Miriam Lichtner sottolinea l’importanza di intercettare i casi sospetti in pronto soccorso e presso i medici di medicina generale, poiché i sintomi iniziali possono essere facilmente confusi con quelli di una semplice influenza: febbre, mal di testa, rash cutaneo. Nei casi più gravi, però, si manifestano tremori, sonnolenza, stato confusionale, fino a sintomi neurologici severi.
La risposta della rete infettivologica regionale non si è fatta attendere. Rafforzata dopo la pandemia da Covid-19, è già operativa. Il prof. Emanuele Nicastri, Segretario SIMIT e Direttore della Divisione di Malattie Infettive ad Alta Intensità di Cura dello Spallanzani, coordinerà un vertice con tutti i reparti di malattie infettive e Pronto Soccorso del Lazio. In programma: attività di formazione per i sanitari, mappatura dei casi, e rafforzamento della sorveglianza ambientale.
«Il virus del West Nile non ha una cura specifica codificata», spiega ancora la specialista. «Il trattamento è sintomatico: idratazione, controllo della febbre, monitoraggio delle funzioni vitali. Nei casi più gravi si possono utilizzare immunoglobuline e antivirali come il remdesivir, ma la diagnosi precoce e la prevenzione restano le armi principali».
La prevenzione, infatti, non è solo clinica ma anche ambientale. «Il vettore va controllato con disinfestazioni basate su larvicidi e adulticidi, a partire dalle aree umide e dai centri abitati», aggiunge la professoressa Lichtner. «Anche i cittadini possono fare la loro parte: evitare ristagni d’acqua, svuotare sottovasi, usare repellenti e zanzariere. Con le temperature elevate, bisogna estendere l’attenzione a tutta la famiglia delle arbovirosi: dengue, usutu, chikungunya, zika. Alcune di queste infezioni si sono già verificate anche alle nostre latitudini».

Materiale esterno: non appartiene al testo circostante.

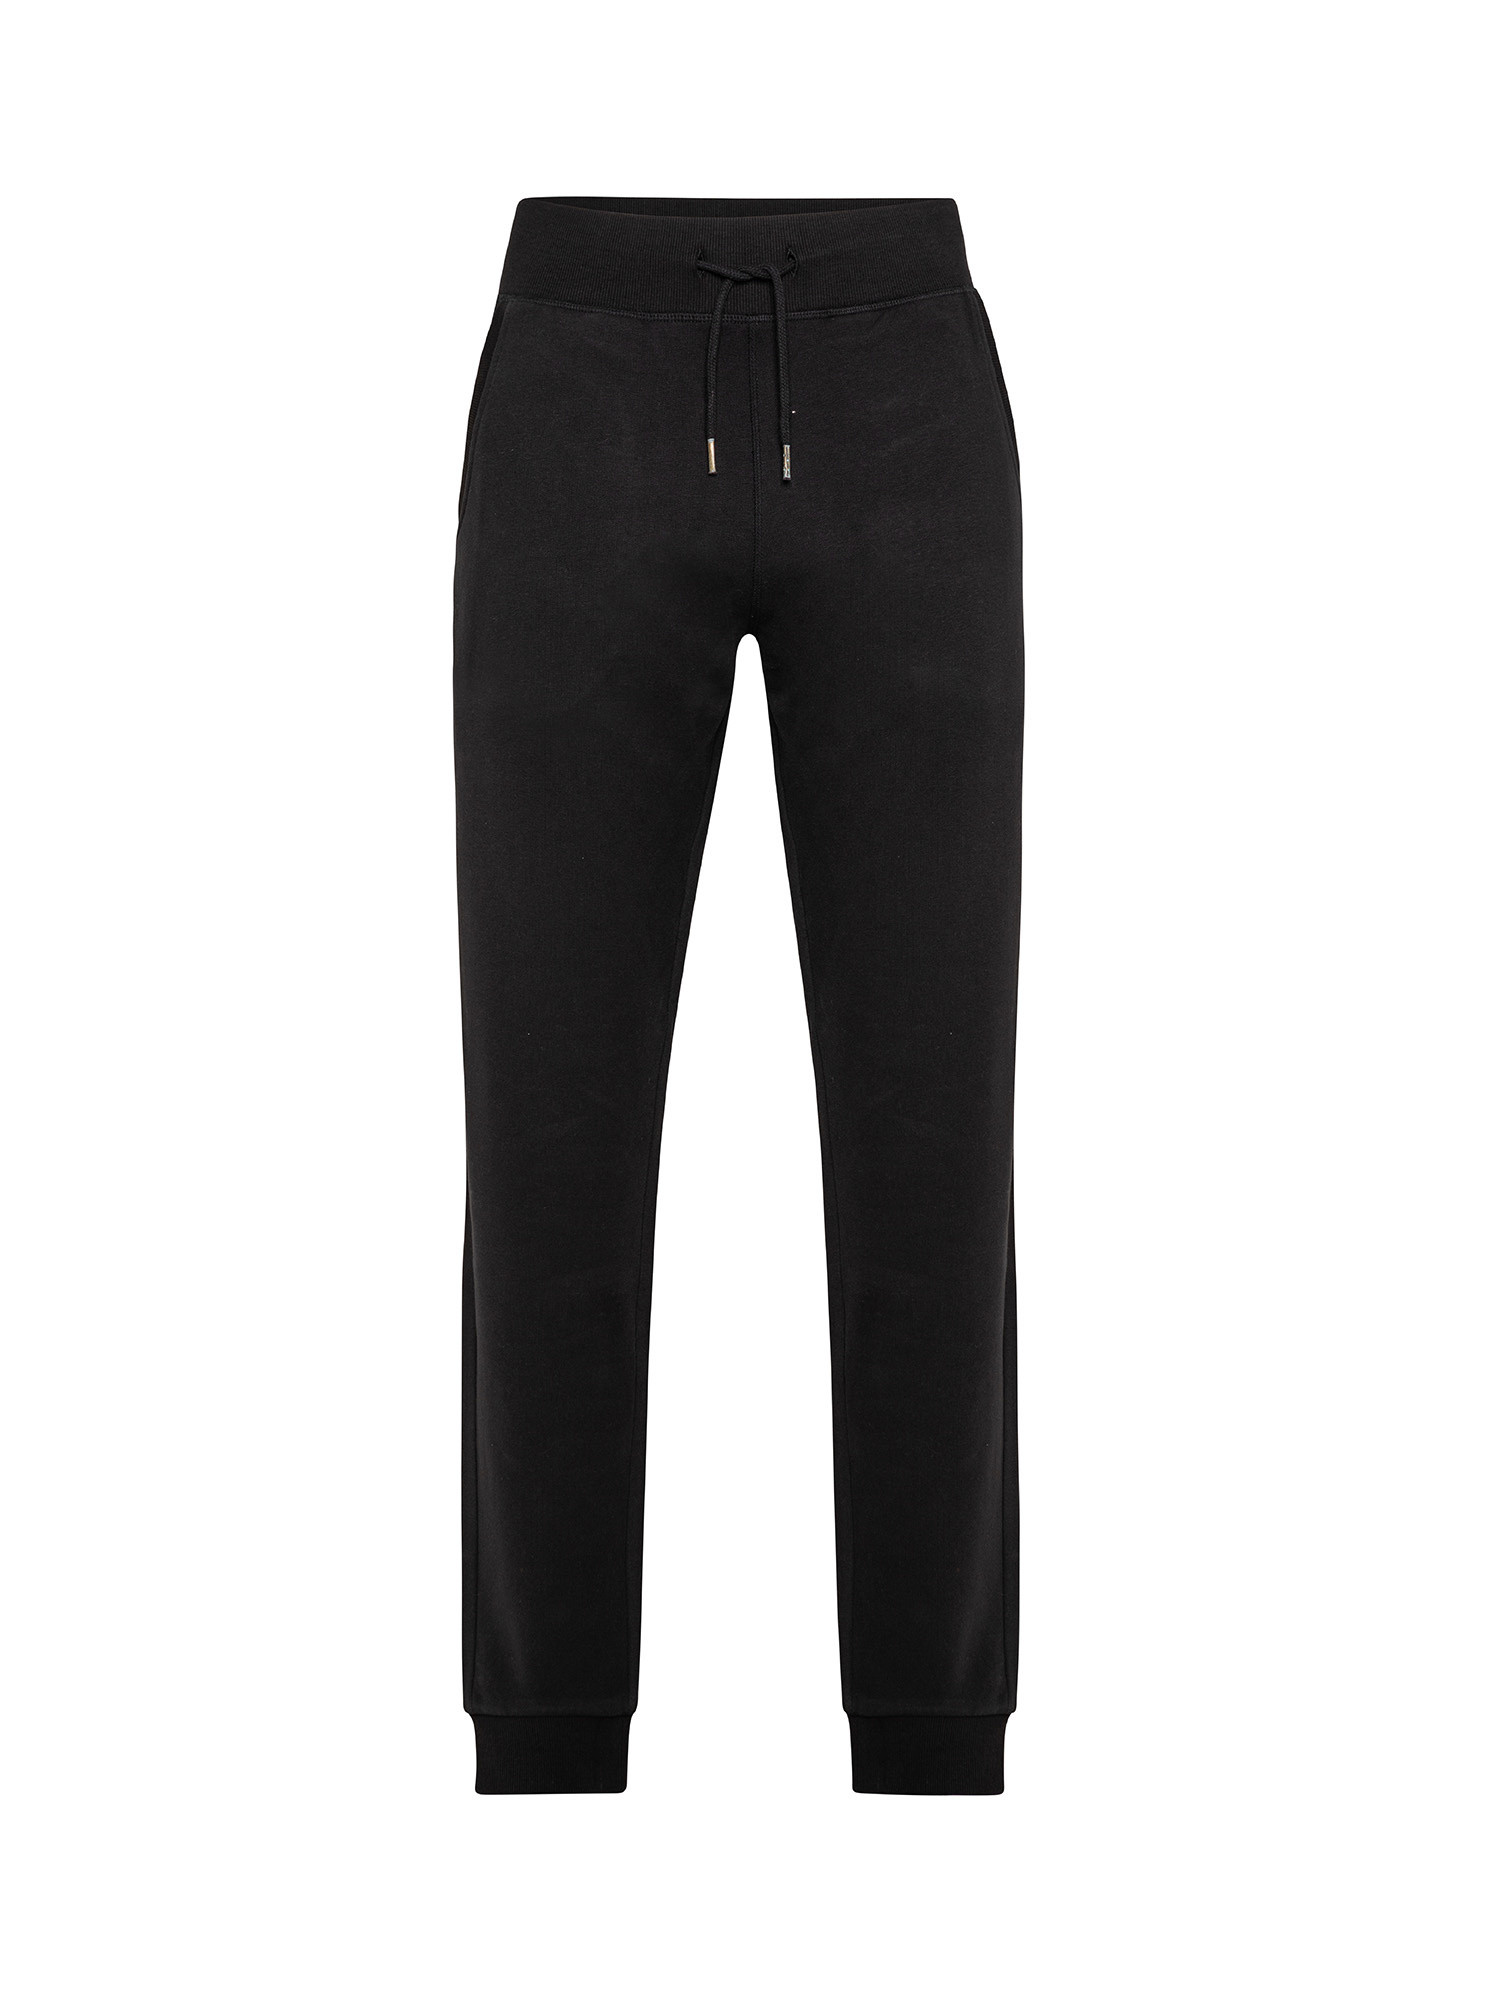 JCT - Soft touch five-pocket trousers, Black, large image number 0
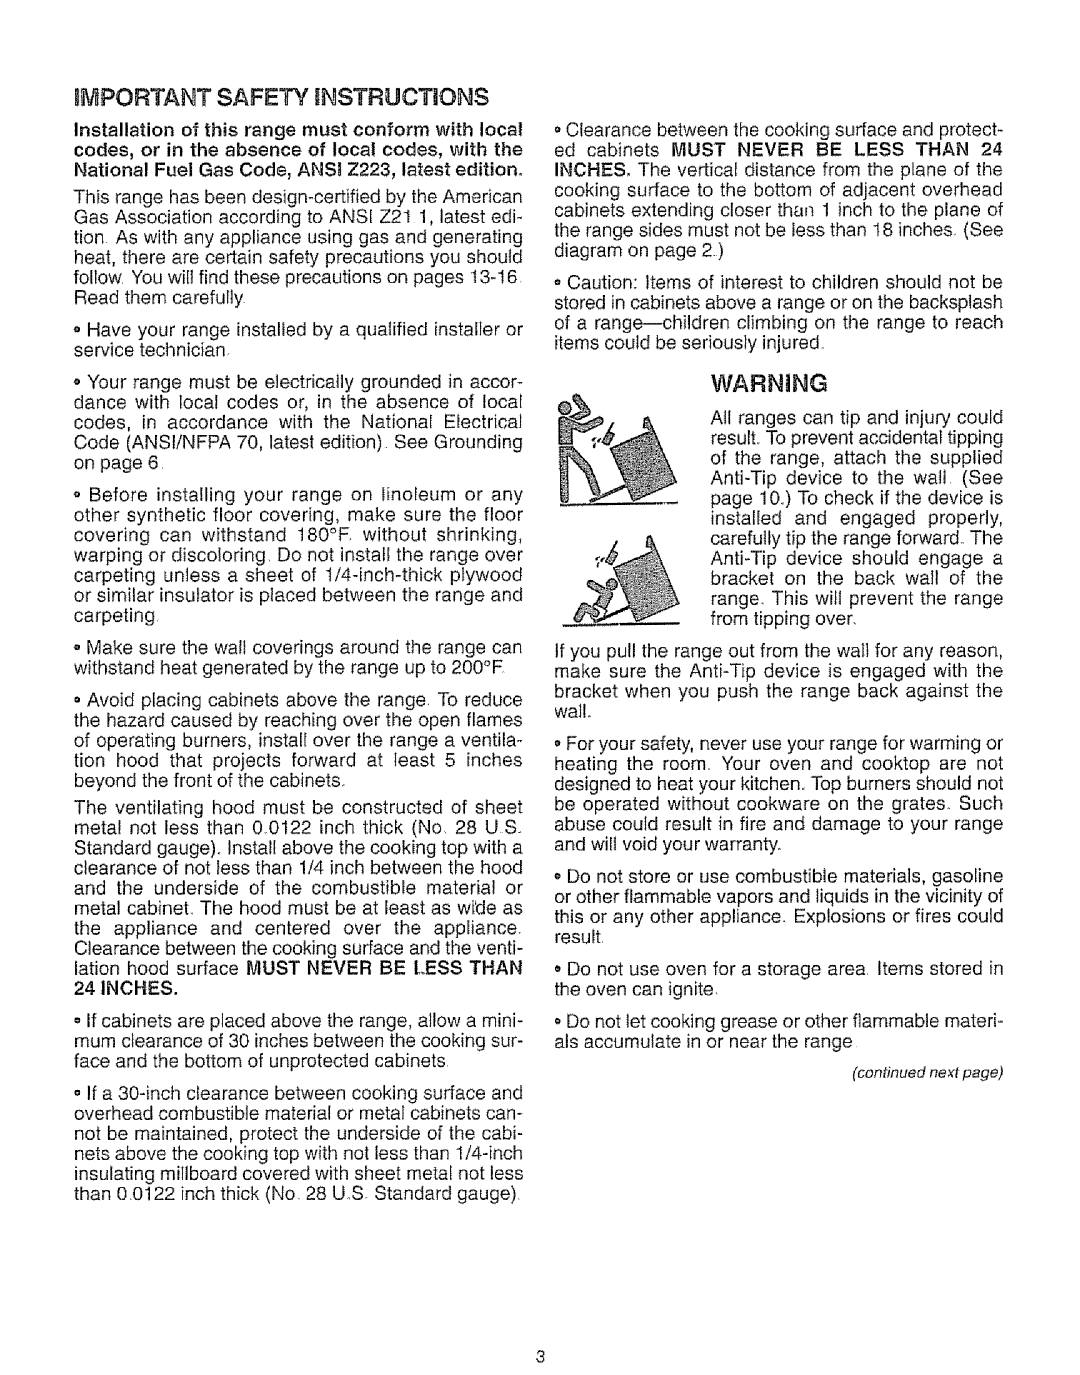 Kenmore 73819, 73511, 73515, 73811 manual IMPORTANT SAFETY nNSTRUCT ONS, continued next page

A confermare la gravità della situazione è anche il prof. Massimo Andreoni, Direttore Scientifico SIMIT. «Non è una buona notizia che si siano registrati i primi casi anche nel Lazio», dichiara. «Questo indica una diffusione crescente del virus, che in diverse regioni italiane è già endemico. La zanzara Culex è ben presente nel nostro Paese. Da un lato il cambiamento climatico, con temperature più elevate e maggiore umidità, sta favorendo la proliferazione delle zanzare; dall’altro diventa fondamentale che i medici riconoscano precocemente questa infezione. Solo così possiamo evitare complicanze serie, soprattutto nei pazienti più fragili».
Il messaggio è chiaro: il West Nile non è un’emergenza improvvisa, ma una realtà che si consolida. E come tale, richiede una strategia integrata, che unisca sorveglianza, formazione, prevenzione ambientale e coinvolgimento attivo della popolazione. Perché la lotta contro le arbovirosi non si vince solo in laboratorio, ma anche nei giardini, nei quartieri, nelle scelte quotidiane.